Does this mean, however, that you must build detailed mathematical models to use and get value from KRIs and KPIs in your enterprise risk program?
No, not in our experience.
In fact, we believe that this misconception (that complex quantitative models are needed to use KRIs and KPIs) is one of the reasons that some organizations overlook them and miss out on the value that KRIs and KPIs could bring to their enterprise risk programs.
One of the main differences between ERM and operational risk is that ERM programs track higher-level (or summary-level) risks that have been rolled up for consumption by the senior leadership team and board of directors. In many cases, attempting to build detailed mathematical models for enterprise risk would involve so many levels of aggregation and assumptions that it would undermine the reliability of the analysis in the eyes of the report consumers. As a result, many ERM programs rely on qualitative risk analysis methods.
We are not saying that mathematical models are not useful in ERM, but rather that they are not essential to get immediate value from KRIs and KPIs.
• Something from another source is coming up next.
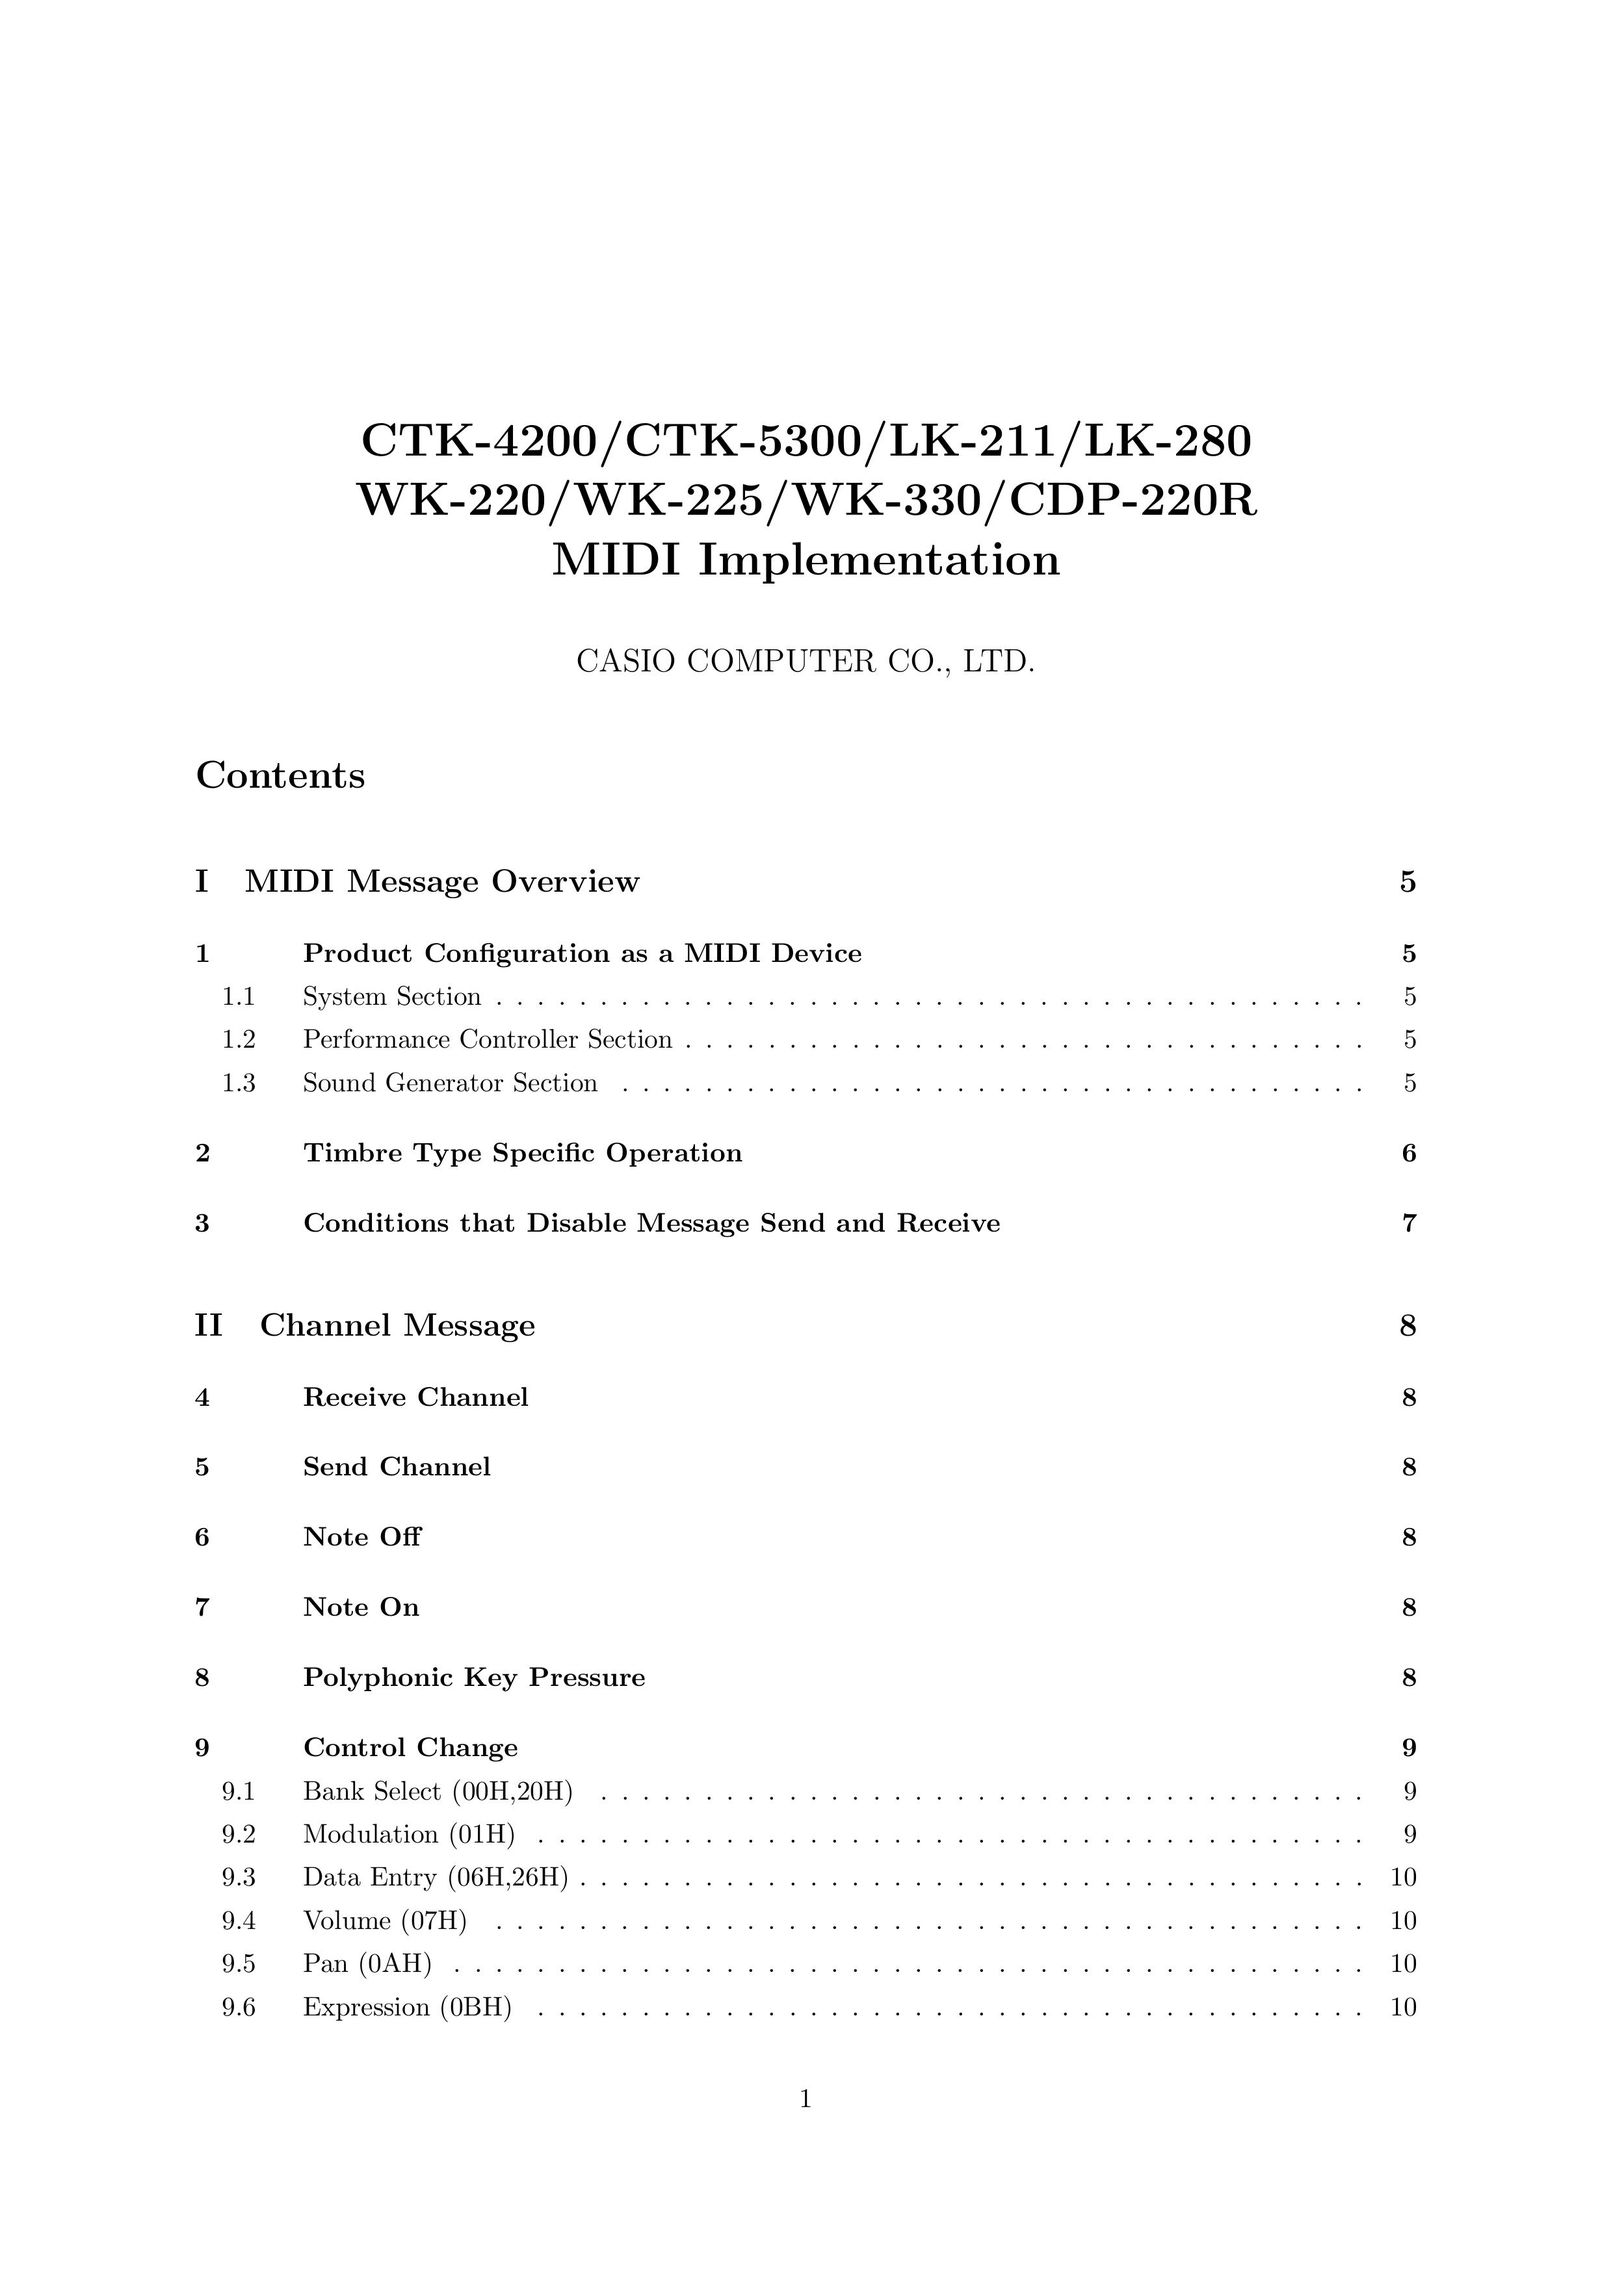 Casio CTK-4200 Computer Accessories User Manual

There are easy steps that almost all ERM program managers can take now to start getting value from indicators, while accumulating data that will be useful later in data analysis and possibly the development of mathematical models where appropriate.
One insight from quantitative risk that is, however, helpful for considering KRIs and KPIs in ERM is that indicators do not need to be thought of as binary or unidirectional. For example, decreasing values for certain KRIs do not only mean that risk events are becoming less likely or less impactful. They can also mean that key objectives associated with those risk events are now more likely to be achieved. In this way, KRIs and KPIs can be an important part of strategy execution and performance management. It is an important shift in thinking to move beyond simply preventing risk events (i.e. “make everything green”) to focus on maximizing positive outcomes based on available resources and your organization’s risk appetite.
And finally, we have found that your KRIs and KPIs themselves do not need to be quantitative to be useful. Qualitative inputs are valid forms of data and can be easily converted to numerical values for future analysis if needed. For example, an indicator can still have a strong predictive correlation with risk events, causes, mitigations (controls) and consequences, even if subject matter experts are simply asked to rate an indicator as “high”, “medium” or “low”.
This is also demonstrated through a common everyday example. Asking people to answer if the morning sky colour is “red”, “blue” or “grey” is a valid way to predict the likelihood of rain in many locations. It turns out that the old proverb about “red sky at morn, sailors take warn” (meaning there will be stormy seas when the morning sky is red) actually has a basis in science.